Liberal Unilateralism

Look around, the left has already tired of multilateralism, compromise, negotiation — they want action, with or without the help of potential allies. The Huffington Post has a banner headline “Ignore This Man,” a reference to this piece in the Hill about liberal activists pressuring Senate Democrats to move forward without Iowa Republican Chuck Grassley. “We are encouraging Finance Committee members and Senate Democrats to do their own bill and not compromise with a bunch of Republicans who are not going to vote with them anyway,” Roger Hickey, co-director of the Campaign for America’s Future, tells the paper. There was some talk like that on the right about a second security council resolution on Iraq prior to the invasion.

Washington Monthly blogger Steve Benen asks, “shouldn’t this tell Democrats something about the utility of negotiations, and the futility of finding a bipartisan compromise?” Benen and other “progressives” support negotiation and compromise with Iran and North Korea, but Republicans? Forget about it.
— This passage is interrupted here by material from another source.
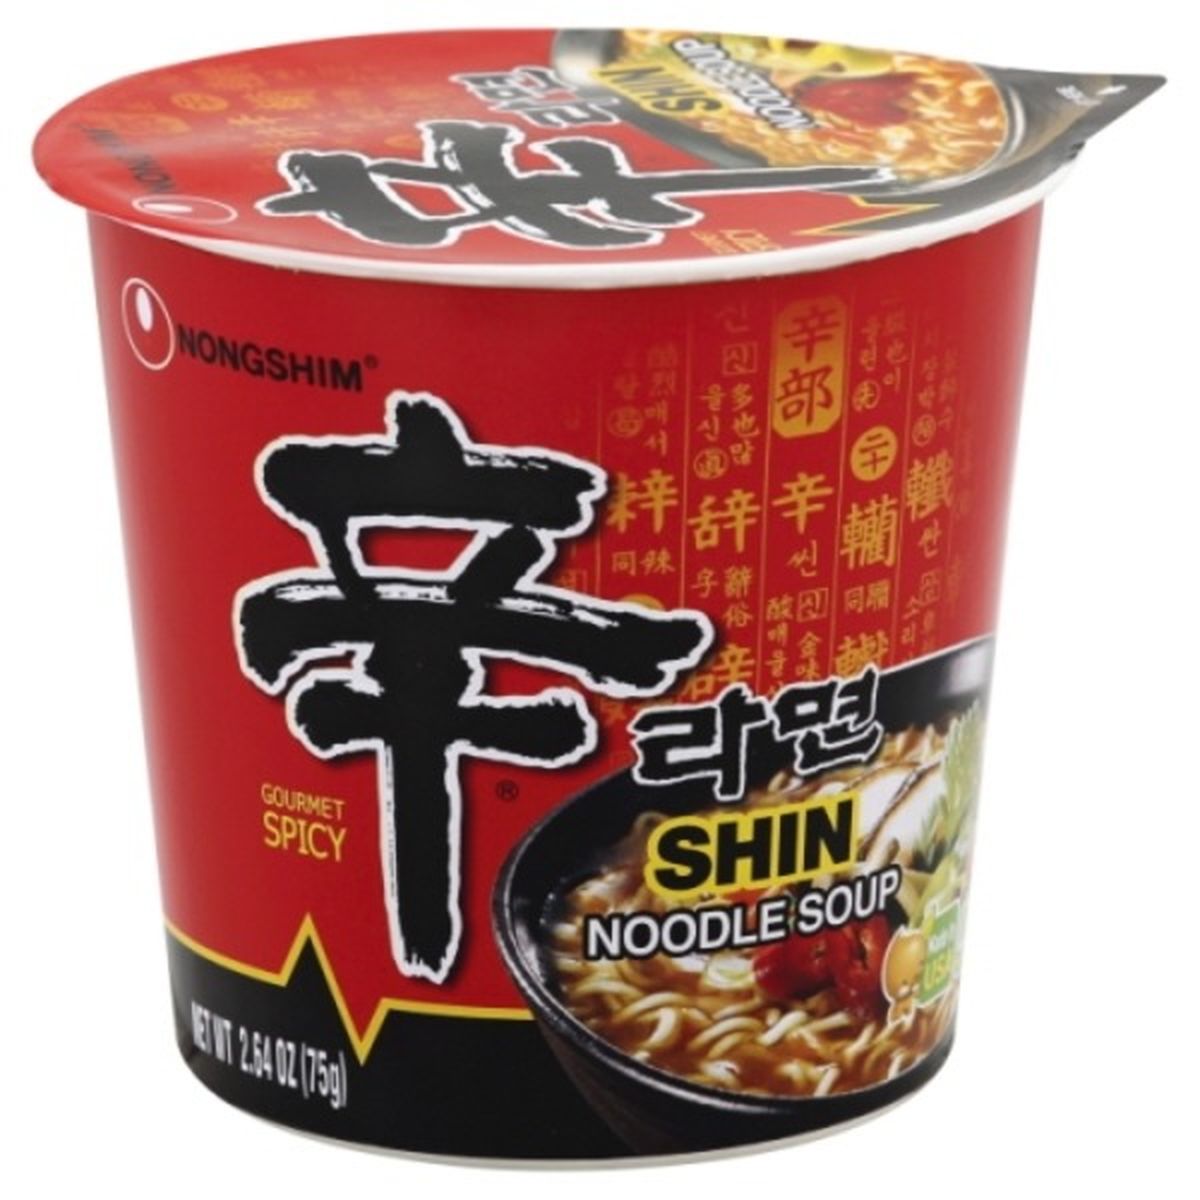 Calories in Nongshim Noodle Soup, Shin, Gourmet Spicy

Left-wing blogger “Digby” quotes Charlie Cook saying that the Blue Dogs may lose seats in 2010 over health care and says, “If Cook is right and the Dems maintain their majority while losing a bunch of these reactionary wingnuts, I couldn’t be happier.” This is the same kind of ideological purity demanded by the Club for Growth and mocked by liberals everywhere. Purge the moderates who get elected in tough districts!

The left doesn’t want a public option — they are demanding one, and threatening war with anyone who stands in their way, Democrats in the House, Republicans in the Senate, constituents, trade groups, anyone. The left has embraced unilateralism at the first hint of resistance to their hyper-ambitious plans to remake the world. And yet these same people believe that we can talk the Iranians out of a nuclear program, talk Hamas into recognizing Israel, talk the North Koreans into sanity. But they can’t even talk their own majority into passing a health care bill.